Mr Aliyu reminded members that the PDP constitution clearly stipulated that defectors should “join the queue” upon return.
He urged the party to focus on fostering “real, principled politics”, even if it did not immediately translate into electoral victory.
The former Governor also appealed to the Senate minority leader, Abba Moro, to ensure the Senate’s compliance with the court’s decision regarding the recall of the suspended senator representing Kogi Central senatorial district, Natasha Akpoti-Uduaghan, to the upper chamber.
Earlier, the party’s acting national chairman, Umar Damagum, had said that PDP’s doors remained open to defected members.
“Let it be said and known that our doors remain open to those who wish to return, and it is my earnest prayer that in their return, they may rediscover themselves. After all, we are still the party that gave many their first political home,” he said.
Mr Damagum described PDP as a formidable entity whose founding fathers faced intimidation and detention.

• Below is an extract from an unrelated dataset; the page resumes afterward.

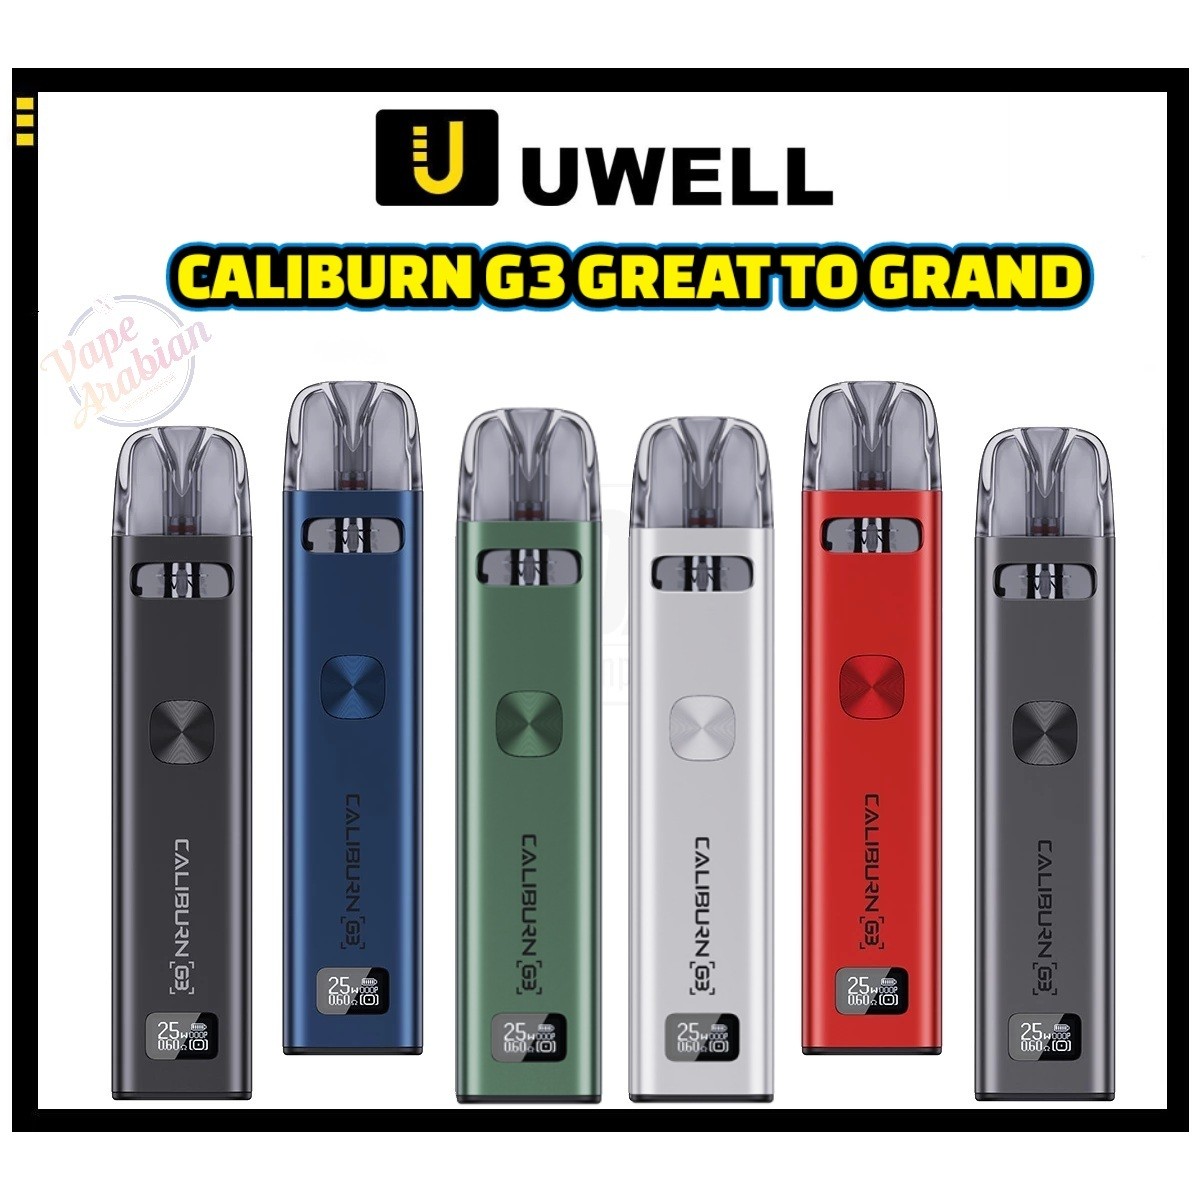 Authentic Uwell Caliburn G3 Vape Kit In UAE

He acknowledged that the party had witnessed some internal ‘fractures’, including a significant one in 2013 and the one currently happening.
The acting National Chairman, however, maintained that the PDP remained the only platform capable of returning power to the people, despite the self-inflicted injury it had suffered. He described the conference as a reaffirmation of PDP’s vitality and its focus on reclaiming its central role in Nigerian politics.
Chairman of the PDP Governors’ Forum, Bala Mohammed, urged defectors not to “de-market” the PDP, through which many of them had achieved their political aspirations.
He also advised members who had joined the coalition but still remain in PDP to make their stand known, saying, “You cannot be in PDP and be in coalition with another party. We don’t want to join issue with anybody out of humility and respect for our elders who brought us up. But certainly, as the chairman has said, we cannot take indiscipline to a level where it becomes contagious.
“If you are in PDP, you are in PDP. You cannot be in PDP and be in coalition with another party. We cannot do this. But you have all the time to decide. Coalition is an aberration. You cannot belong to two places. You cannot be a hermaphrodite. You cannot be a man and a woman at the same time. Be who you want to be.”